Limitations and Future Directions
LL3M relies on the accuracy of VLMs for visual feedback, which may miss subtle spatial artifacts. However, user-driven iterative refinement can correct residual errors. The system is adaptable to future Blender versions via updates to BlenderRAG. Potential future work includes integrating more advanced VLMs, expanding multi-modal input capabilities, and optimizing agent collaboration for reduced latency.
Figure 16: Limitations in automatic visual feedback can be overcome by user-supplied corrections.
Conclusion
LL3M establishes a robust framework for interpretable, modular 3D asset generation via multi-agent LLM collaboration.

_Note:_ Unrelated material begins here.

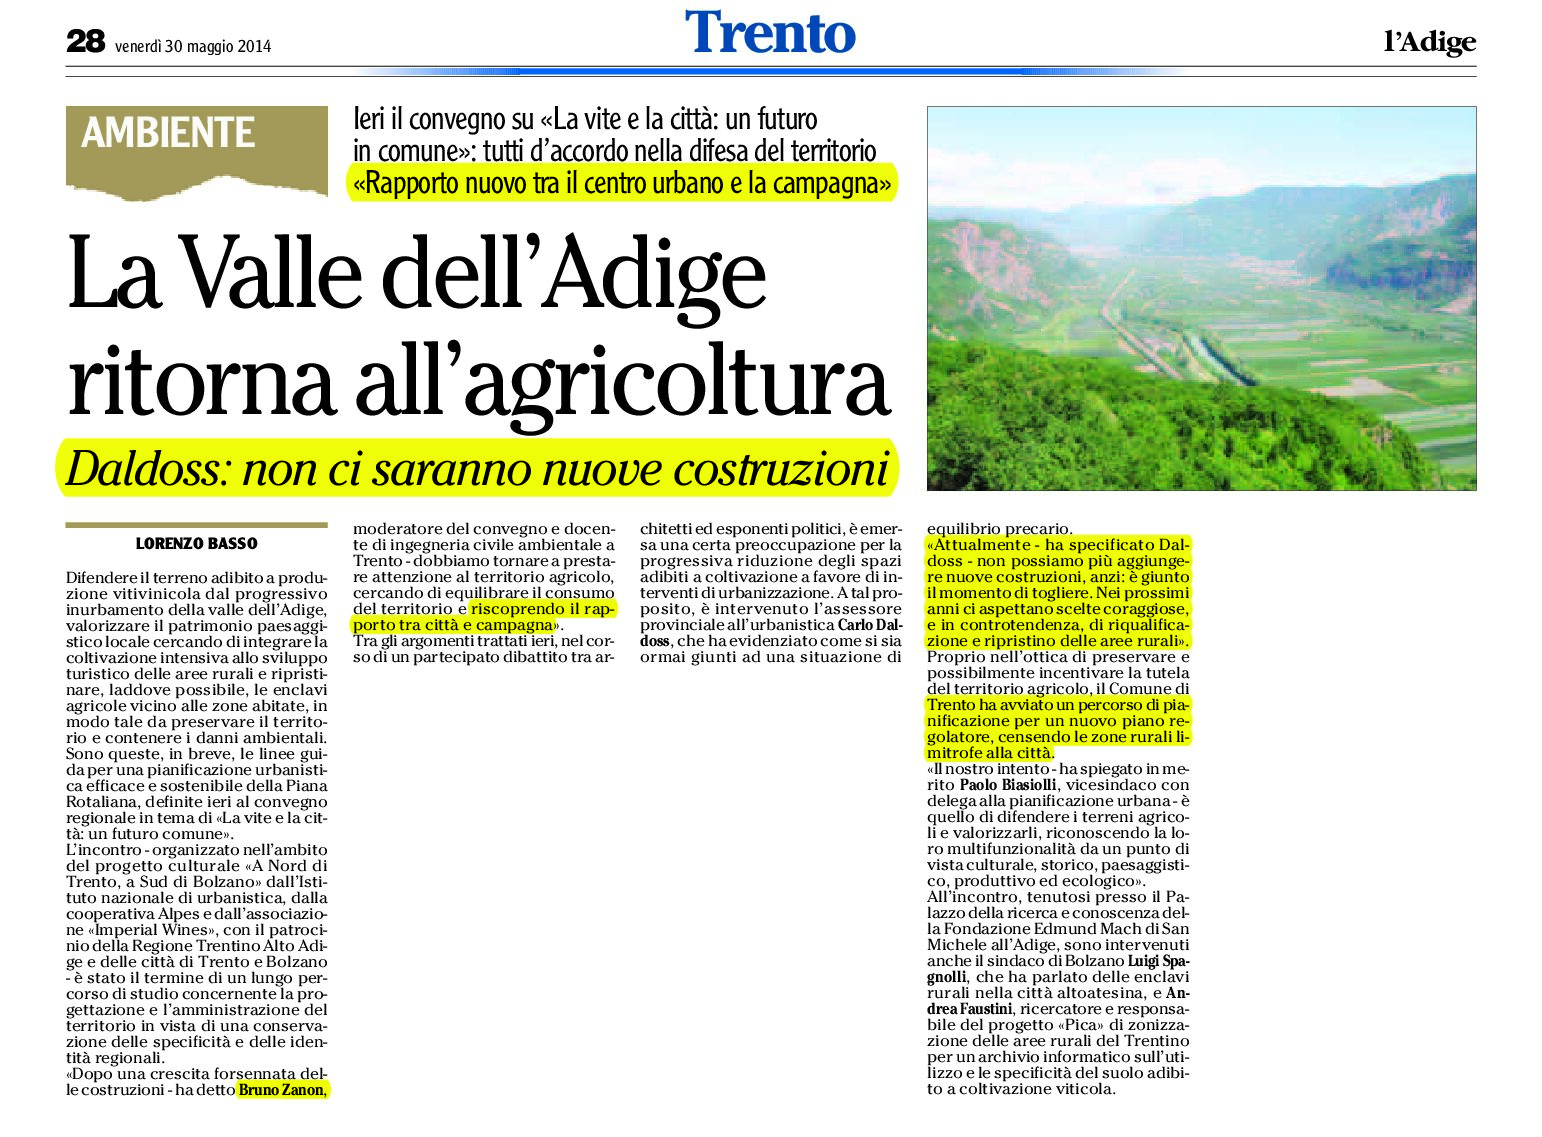 Trento: la Valle dell’Adige ritorna all’agricoltura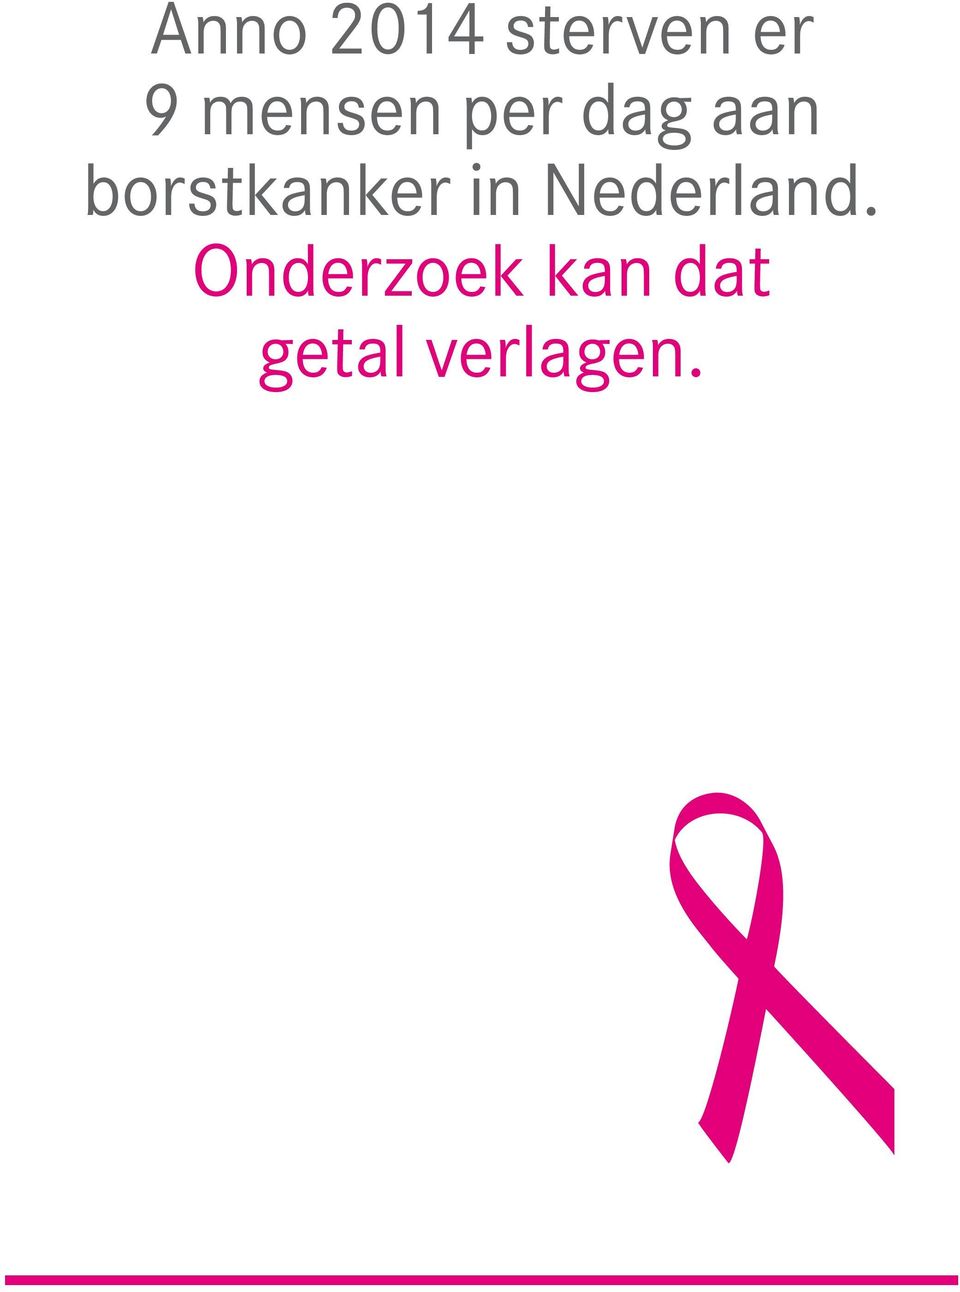 aan borstkanker in Nederland.

By representing assets as editable Blender code and leveraging retrieval-augmented generation, the system achieves generalization, fidelity, and user-driven co-creation without the constraints of category-specific models or low-level mesh representations. The approach bridges automation and creative control, offering a transparent and extensible solution for 3D modeling in graphics pipelines and artist workflows. Future developments may further enhance multi-modal capabilities, agent reasoning, and integration with evolving graphics software.